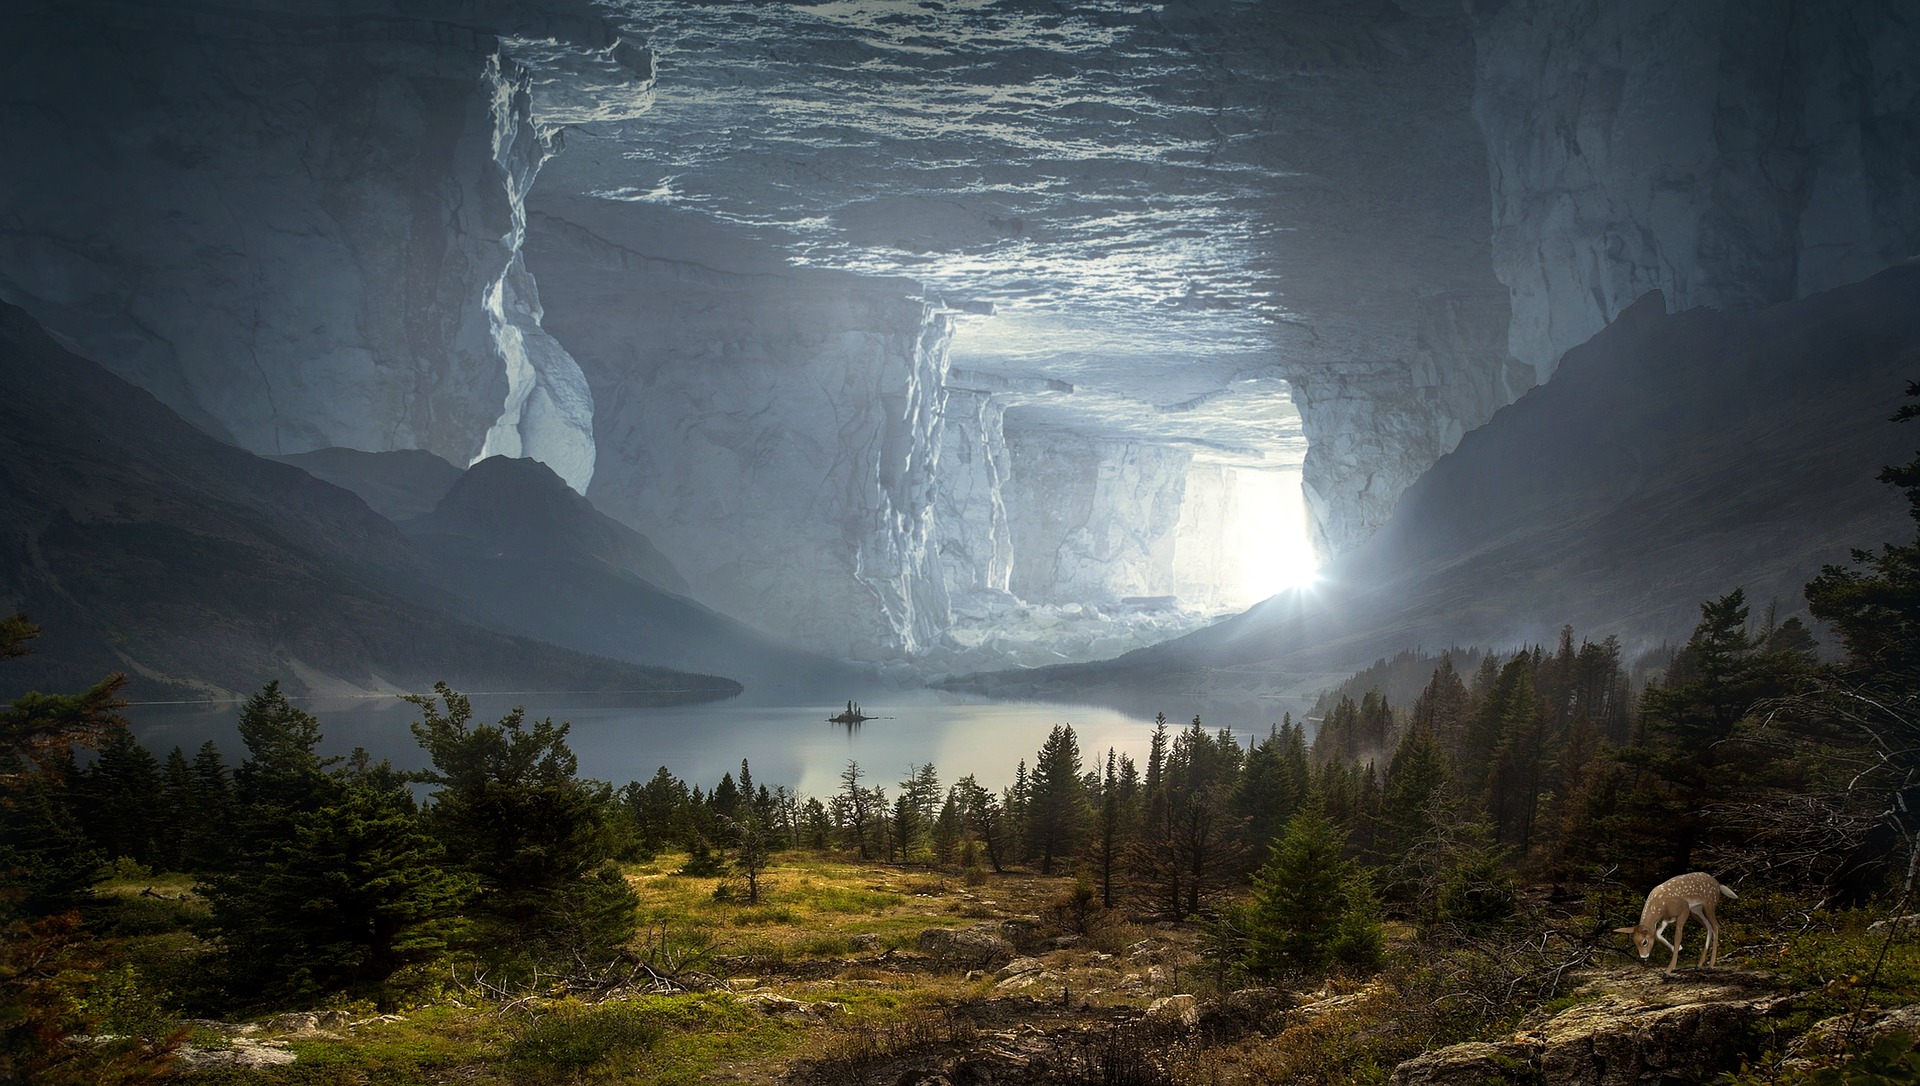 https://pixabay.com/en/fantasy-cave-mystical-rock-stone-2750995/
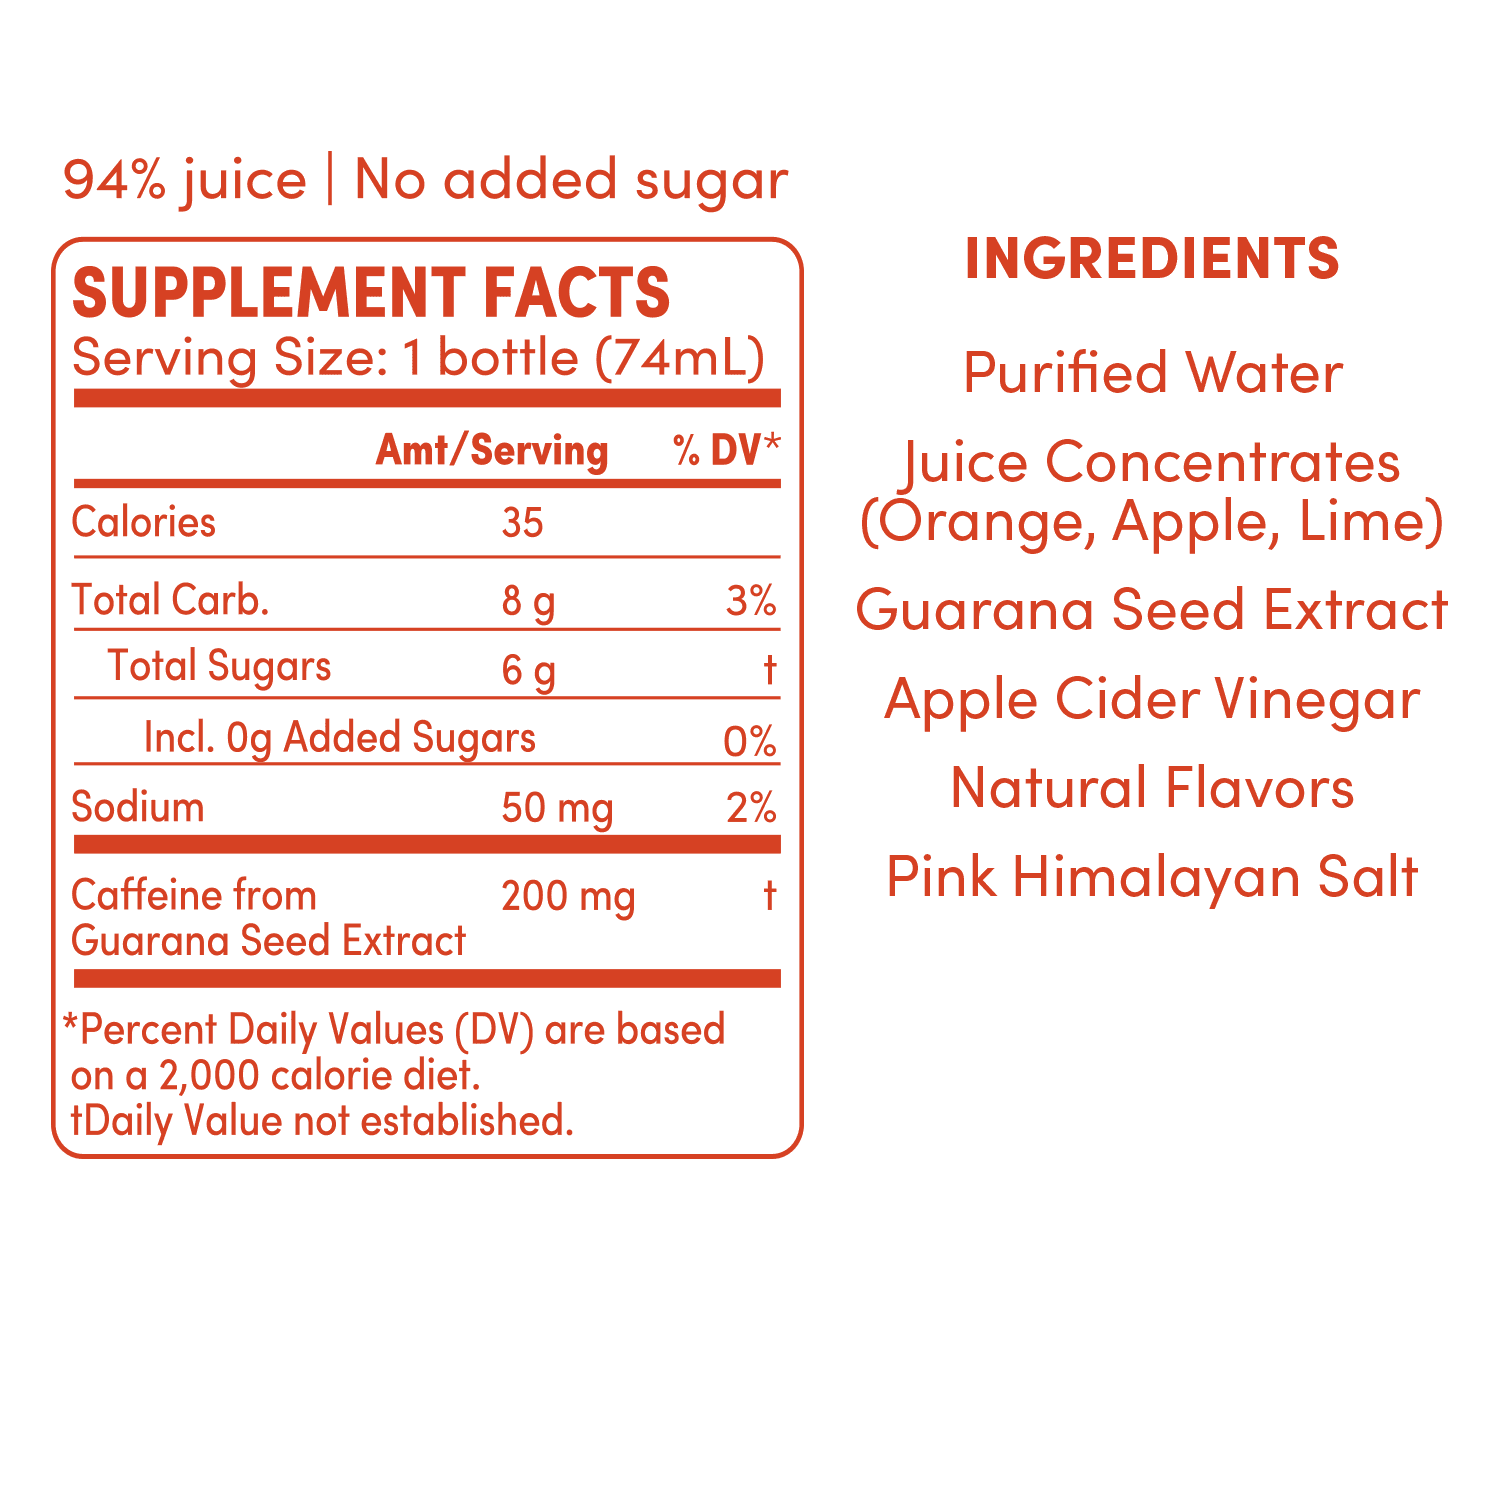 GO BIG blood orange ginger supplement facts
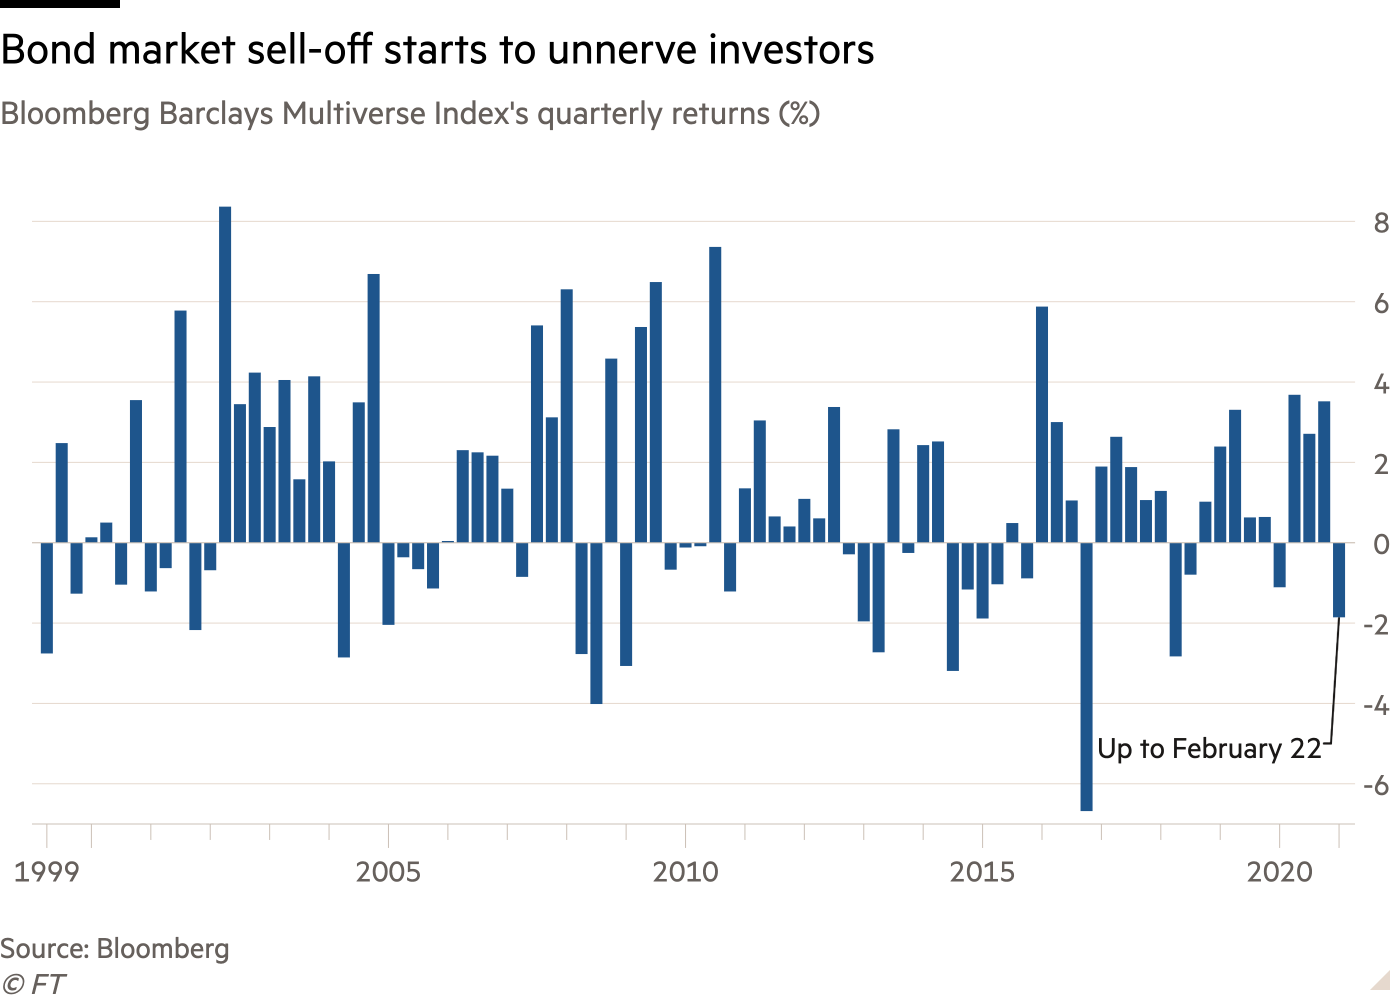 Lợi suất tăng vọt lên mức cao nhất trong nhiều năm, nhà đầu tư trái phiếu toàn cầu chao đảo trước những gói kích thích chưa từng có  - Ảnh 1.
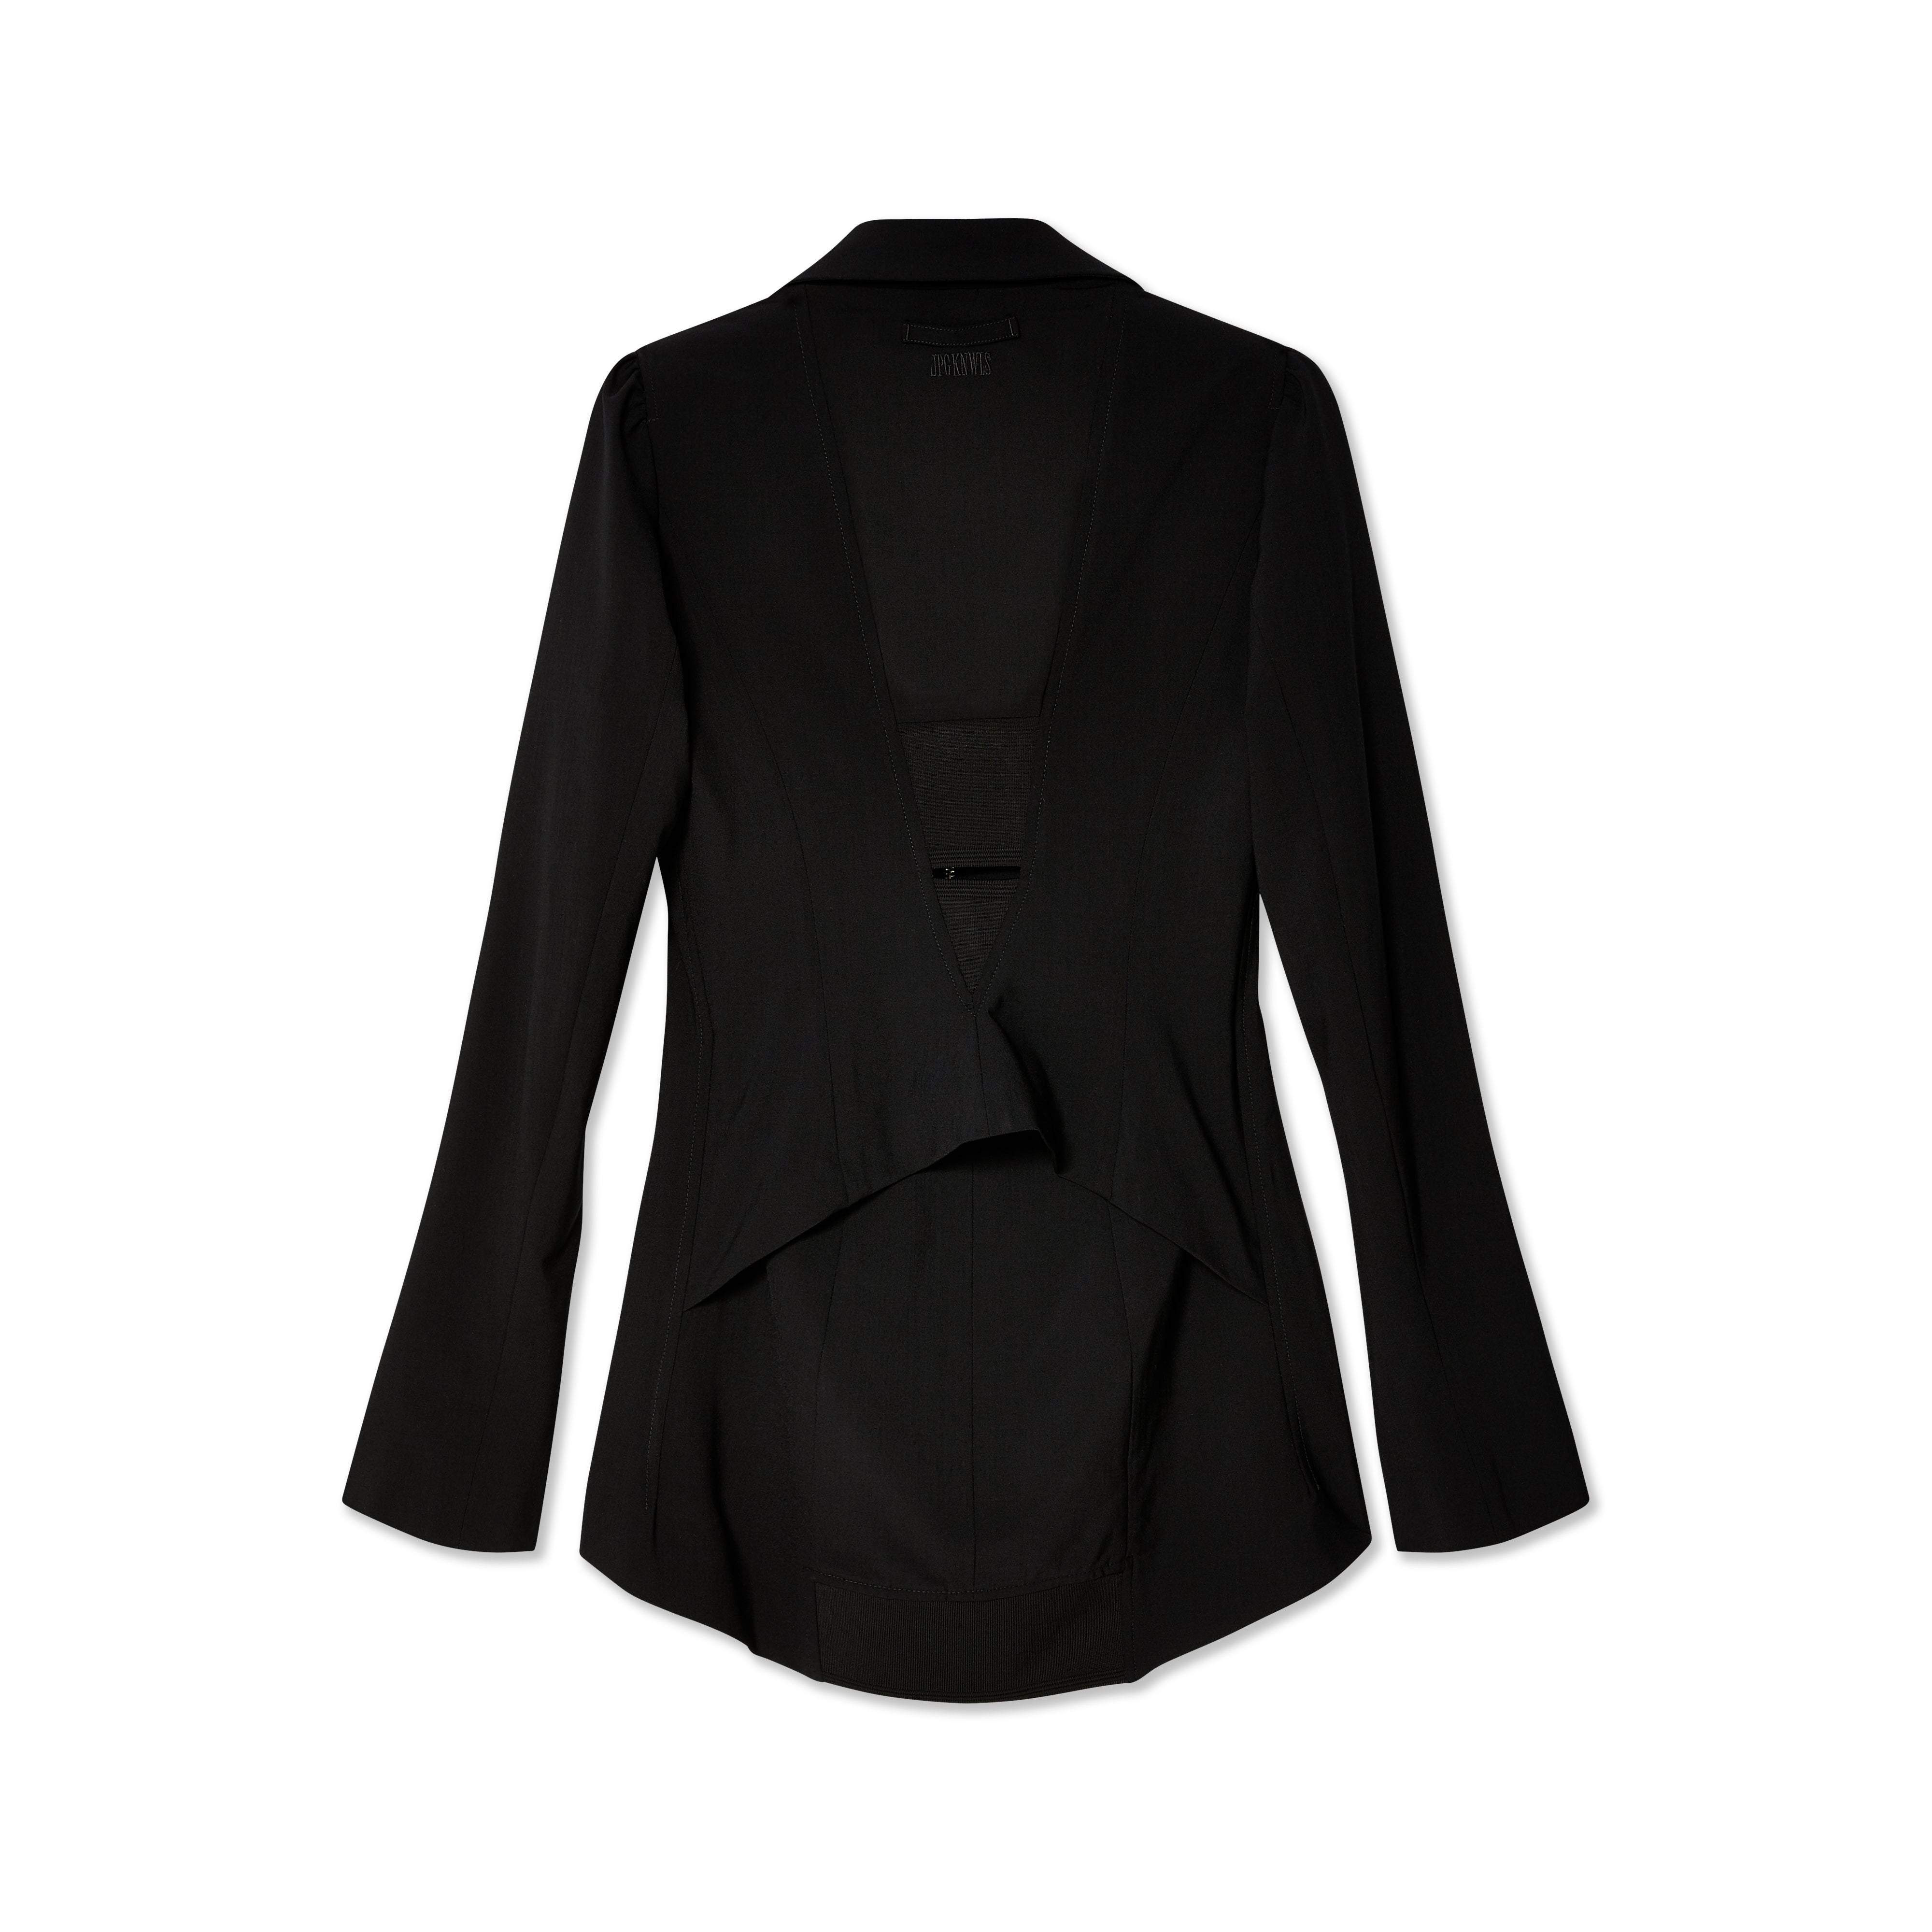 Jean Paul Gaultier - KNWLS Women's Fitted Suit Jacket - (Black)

::::::::

What you should do
Copy every line above exactly; images stay out.

Answer for this exercise
 https://pixabay.com/en/fantasy-cave-mystical-rock-stone-2750995/
 GO BIG blood orange ginger supplement facts
 Lợi suất tăng vọt lên mức cao nhất trong nhiều năm, nhà đầu tư trái phiếu toàn cầu chao đảo trước những gói kích thích chưa từng có  - Ảnh 1.
 Jean Paul Gaultier - KNWLS Women's Fitted Suit Jacket - (Black)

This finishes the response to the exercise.